TAX BREAK FOR RUSSIAN-US OIL JOINT VENTURES.

Publication: Monitor Volume: 4 Issue: 52

One of the fruits of last week’s meeting of the Gore-Chernomyrdin commission is a Russian promise to cut excise duties on oil exports for joint ventures from 55 rubles ($9) per ton to 20 rubles per ton. Chernomyrdin also reportedly guaranteed the ventures access to export pipelines. Fuel and Energy Minister Sergei Kirienko said that the concession will only cover five leading joint ventures, and would only apply for one year. The measure is designed to compensate the ventures for bureaucratic and tax problems they have encountered. (Russky telegraf, March 13, Itar-Tass March 12)

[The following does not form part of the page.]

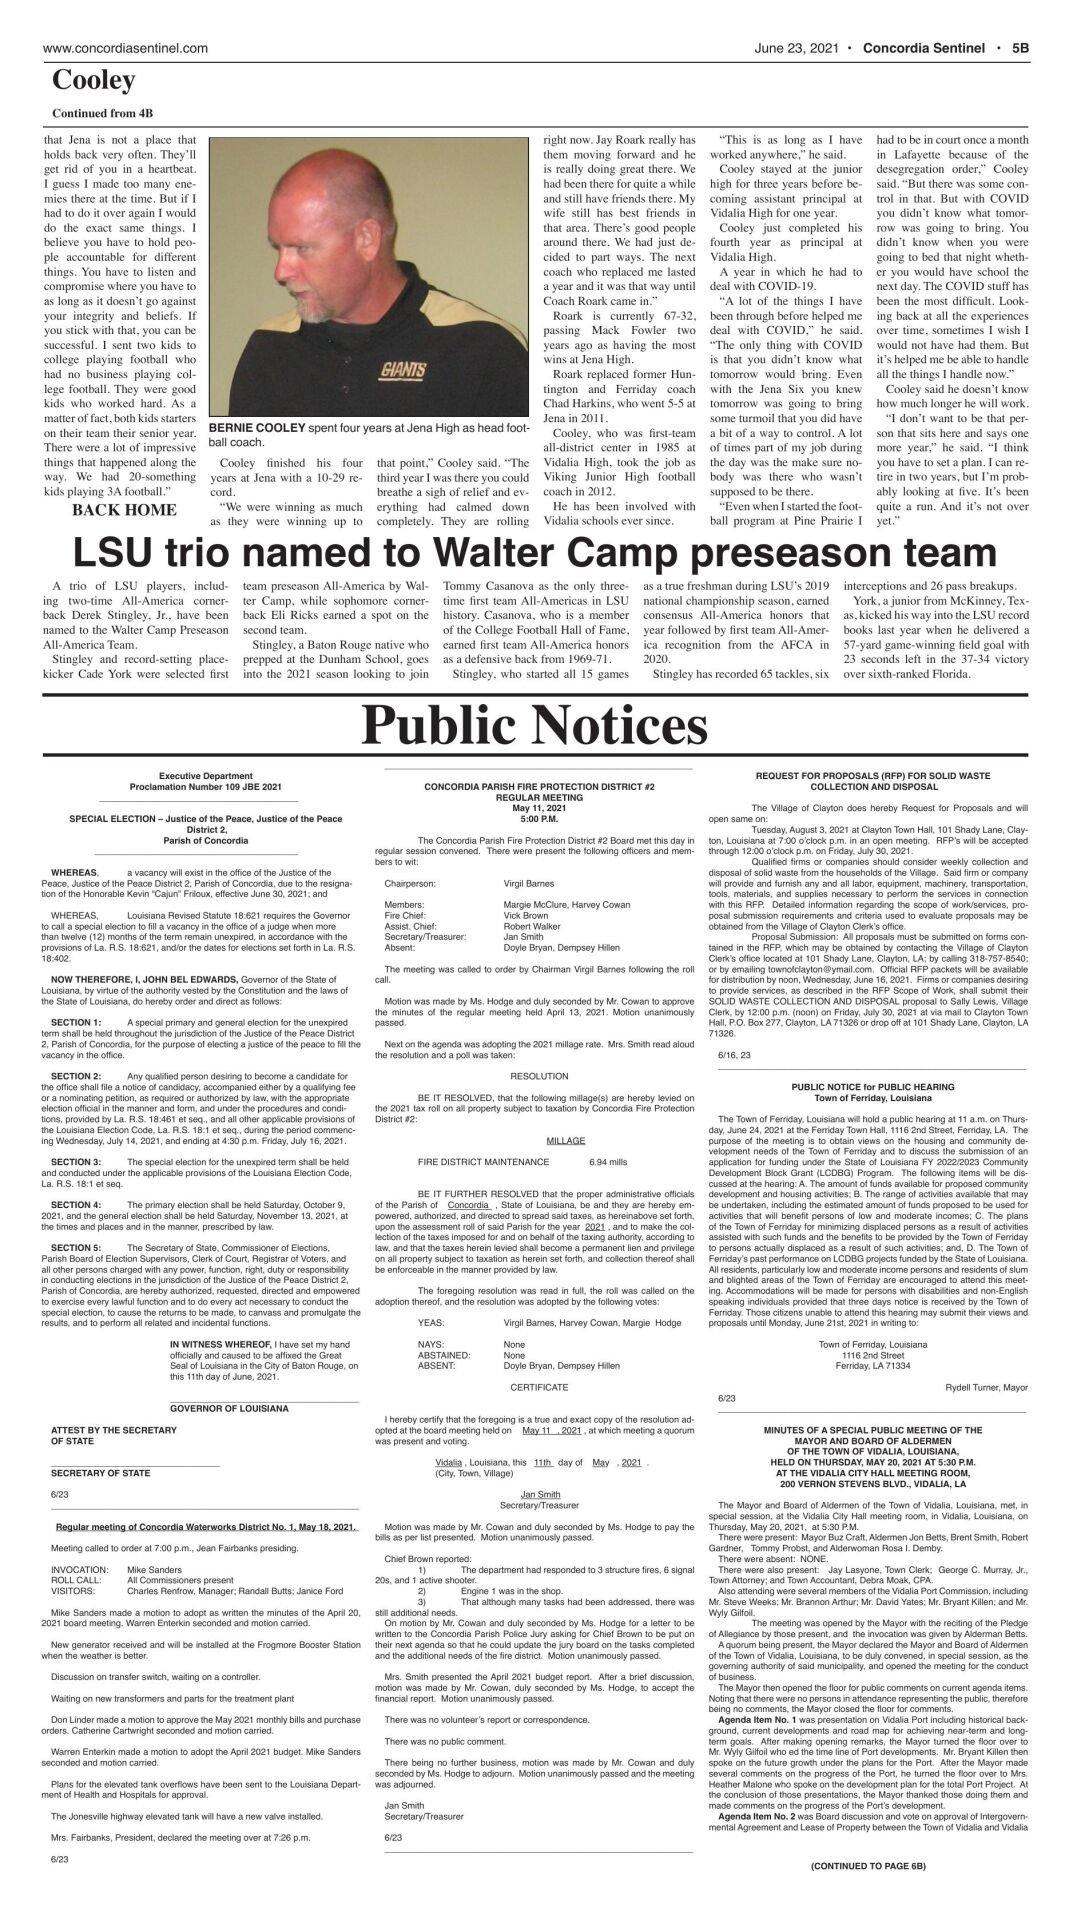 Public Notices - June 23, 2021
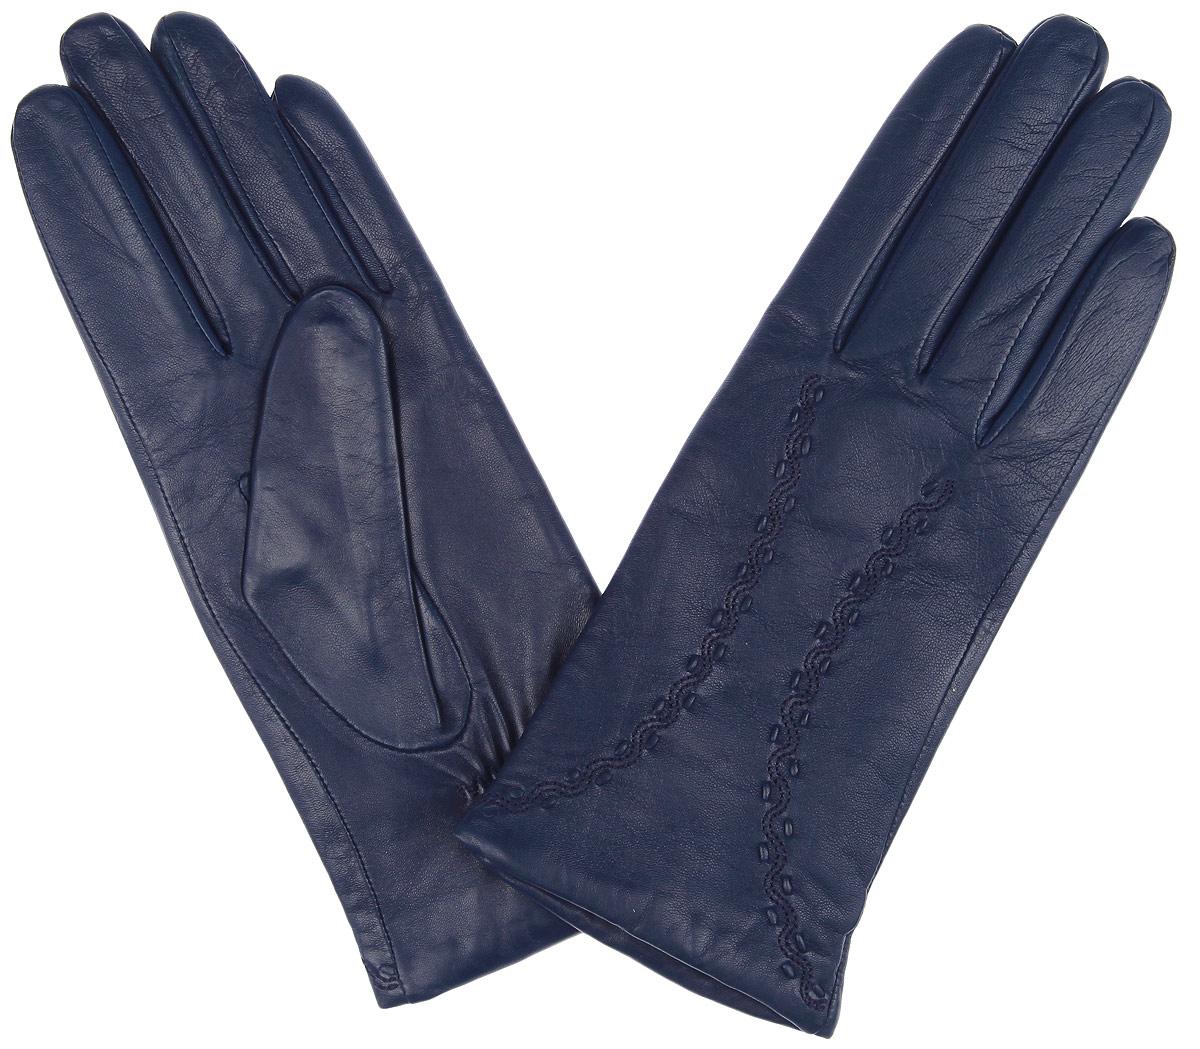 Перчатки2.6-11s blueСтильные женские перчатки Fabretti не только защитят ваши руки от холода, но и станут великолепным украшением. Перчатки выполнены из эфиопский кожи ягненка с подкладкой из шерсти и кашемира. Модель декорирована оригинальной прострочкой. В настоящее время перчатки являются неотъемлемой частью гардероба, вместе с этим аксессуаром вы обретаете женственность и элегантность. Перчатки станут завершающим и подчеркивающим элементом вашего стиля и неповторимости.

It is not only joint ventures in the oil sector that are feeling the pinch. The price of oil on the world market has reached a nine-year low, falling to $14 a barrel ($100 a ton) from $21 just six months ago. By world standards, Russian oil companies have high break-even costs, and as they export one-third of the oil they produce, the price fall threatens to wipe out their profitability. They are accordingly lobbying the government to cut taxes for all oil companies. (Kommersant-daily, March 12)

Most Russian commentators seem to take a somewhat skeptical stance towards the work of the Gore-Chernomyrdin commission. Some suggest that economic concessions are being made (for example, over nuclear trade with Iran) for the sake of political advantage. "The smiles of the commission co-chairmen do not reflect the objective picture of the state of Russian-US relations." (Nezavisimaya gazeta, March 13) From the American side, the actual concessions made by Chernomyrdin seem rather modest. Criticism of the commission’s work probably reflects lingering discontent with the overall policy of foreign trade liberalization which Russia has pursued since 1992.